The Federal Energy Regulatory Commission (“FERC” or “Commission”) issued a landmark final rule, Order No. 2222, at its September 17, 2020 open meeting that aims to remove barriers for distributed energy resources (“DER”) to participate in wholesale markets regulated by FERC through aggregators.  As defined by FERC, DER is “any resource located on the distribution system, any subsystem thereof or behind a customer meter.”[1]  DER, thus, refers to resources that provide electricity near the point of use as opposed to centralized generation sources from utility-scale power plants that are often interconnected directly to the transmission system.  These resources are often small and include electric storage resources, distributed generation, demand response, energy efficiency, thermal storage, and electric vehicles and their supply equipment.[2]  Order No. 2222 builds on the Commission’s efforts in Order No. 841, FERC’s seminal order on energy storage recently upheld by the D.C. Circuit in July of 2020.[3] 

While FERC’s definition of DER is intended to be “technology-neutral,” most DER, specifically distributed generation, being developed today predominately relies on renewable energy sources such as solar energy that is commonly used in rooftop solar systems.  Furthermore, advances in electric storage technology are leading to increasing installations of electric storage on distribution systems.  The ability for DER, however, to market electricity has largely been limited to state-approved retail programs such as net metering.  Current rules in FERC-regulated wholesale markets restrict most DER from participating due to their smaller size.  Order No. 2222 adopts a number of reforms that should enable smaller DER to participate in wholesale markets through DER aggregators.  These reforms likely will result in material and accelerated changes to wholesale markets and likely will likely have a profound effect on the expansion and integration of DER into the electrical grid by providing these resources with additional commercial opportunities.[4]

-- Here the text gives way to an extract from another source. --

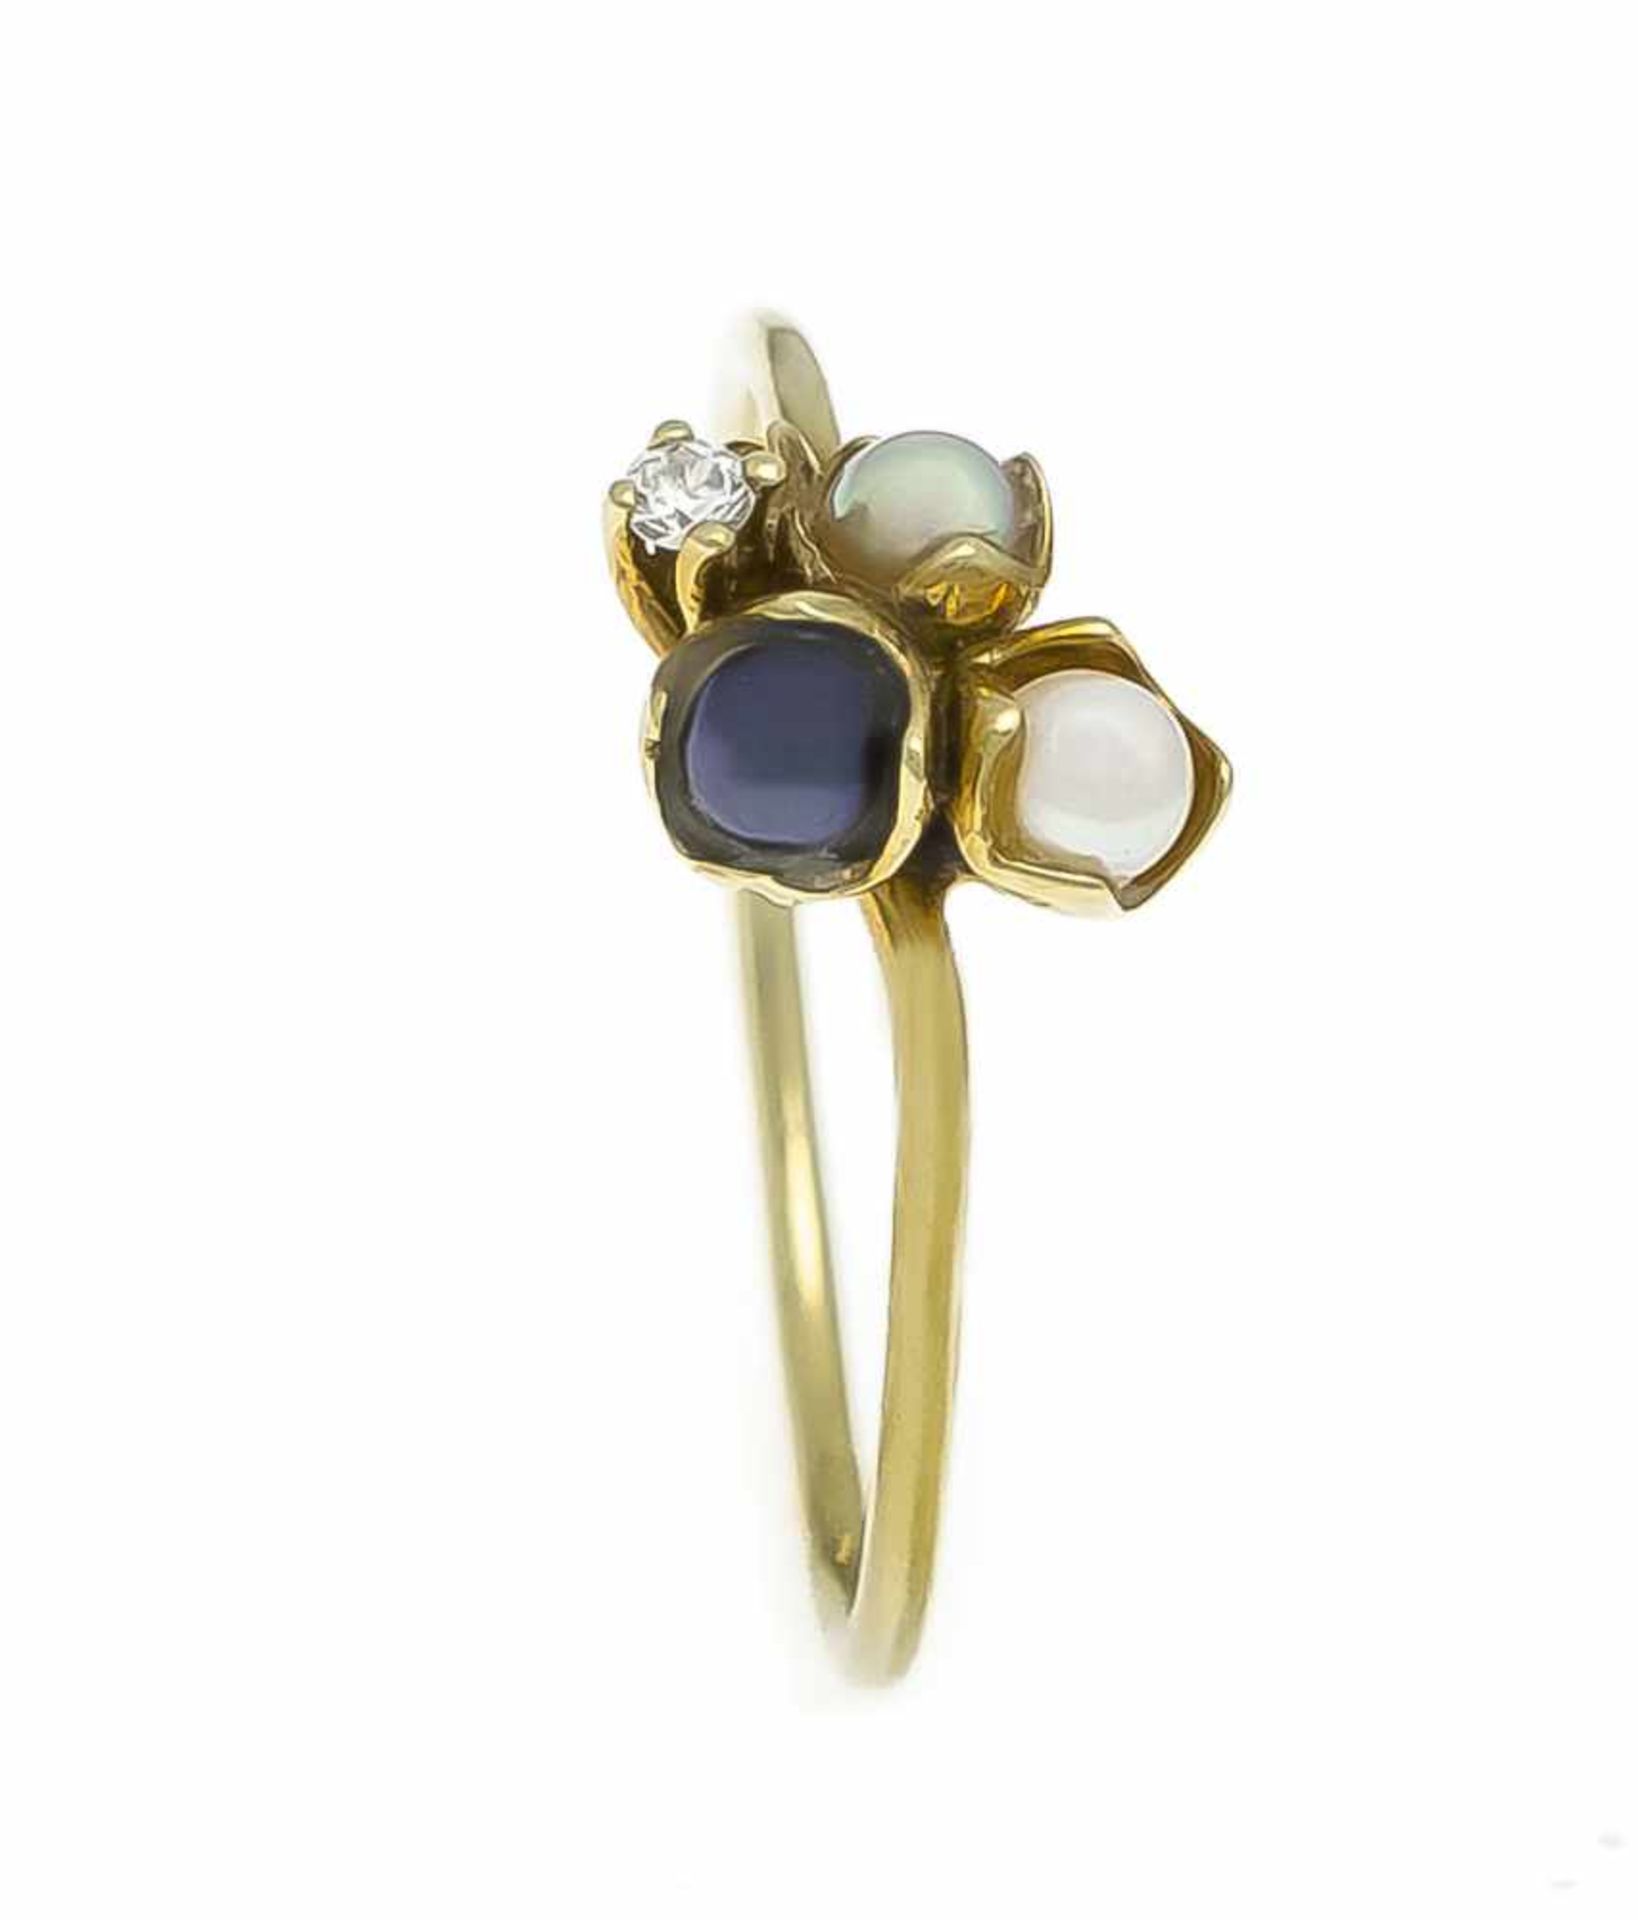 Perlen-Brillant-Ring GG 585/000 mit 3 runden Perlen in weiß, schwarz, silber und einemBrillanten 0,
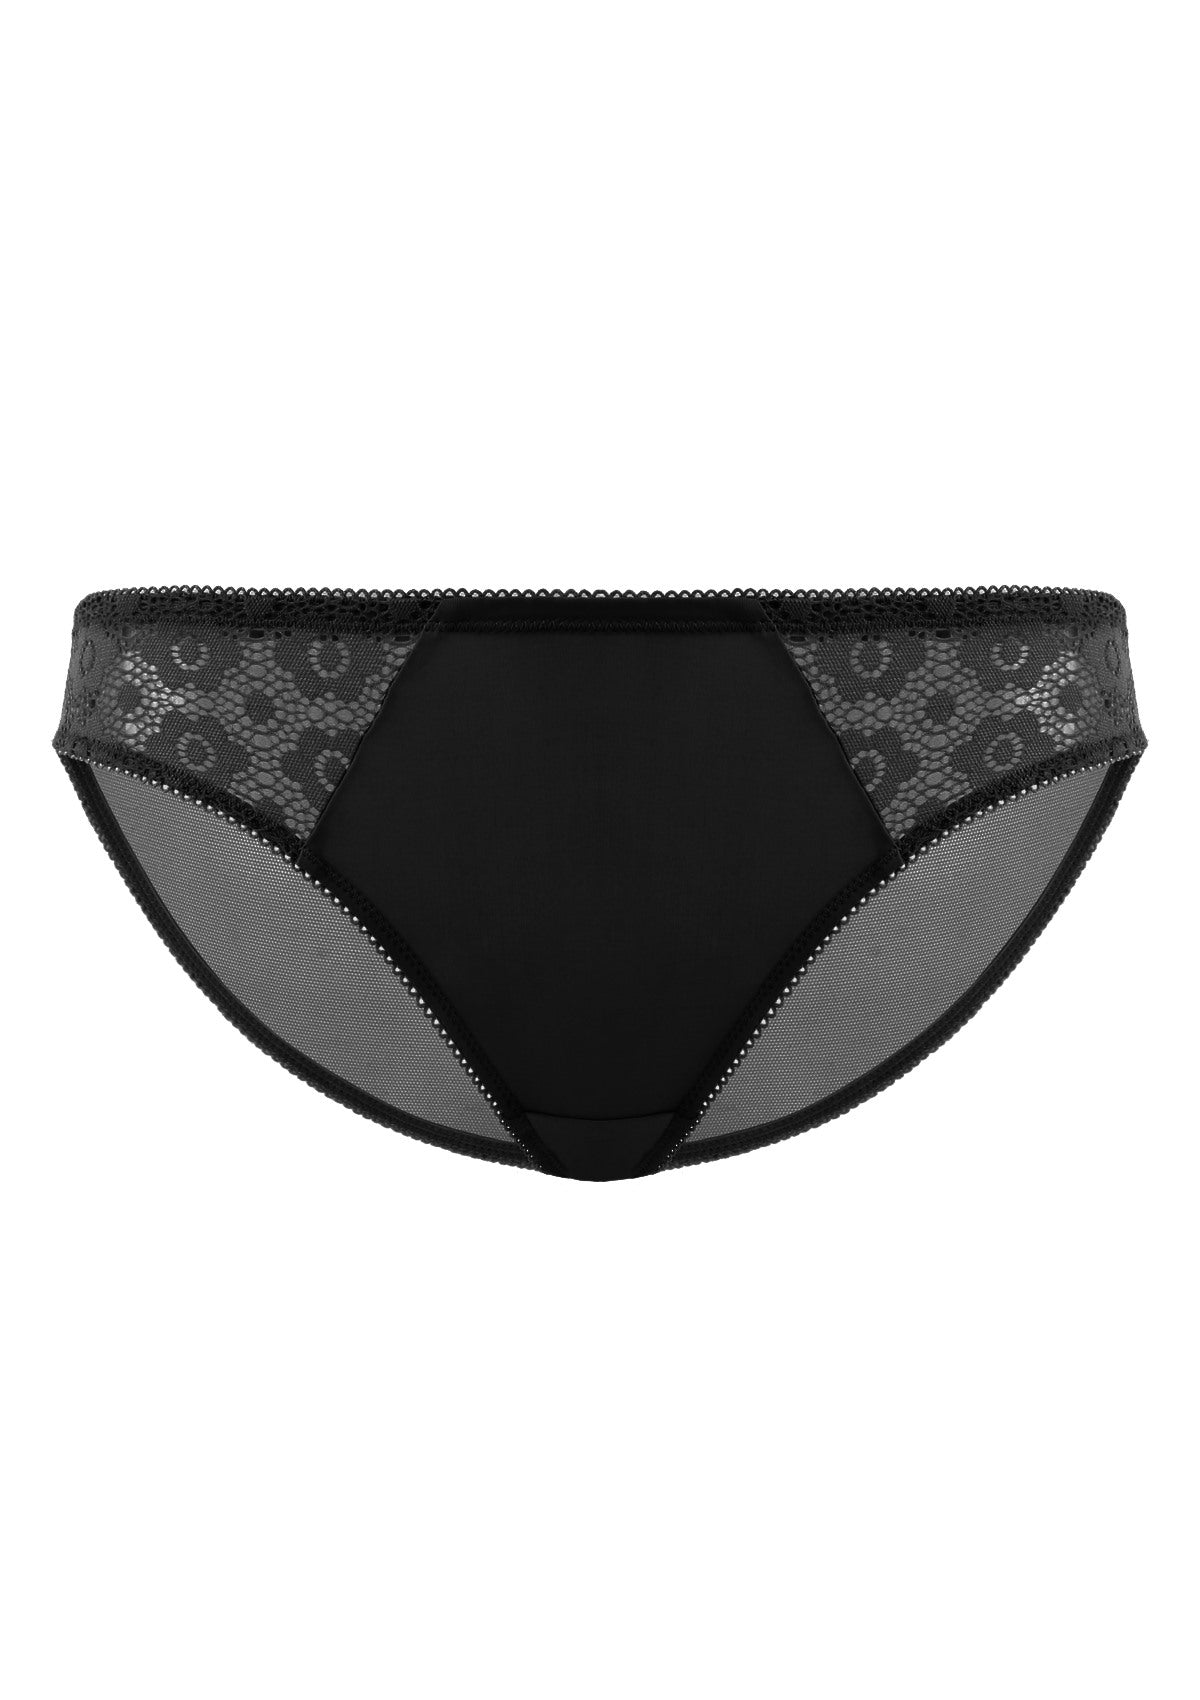 HSIA Serena Comfortable Trendy Lace Trim Bikini Underwear - XL / Nude

The reforms adopted by FERC in Order No. 2222 specifically apply to RTOs and ISOs that are regulated by FERC and operate wholesale markets, which include capacity, energy, and ancillary services markets.  The RTOs and ISOs included in the scope of the final rule are:  California Independent System Operator Corporation, ISO New England, Inc., Midcontinent Independent System Operator, Inc., New York Independent System Operator, Inc., PJM Interconnection, L.L.C., and Southwest Power Pool, Inc.  Markets in the Pacific Northwest, Mountain West, the Southeastern United States and ERCOT, where RTOs and ISOs subject to FERC’s jurisdiction do not exist, will not be subject to Order No. 2222’s requirements.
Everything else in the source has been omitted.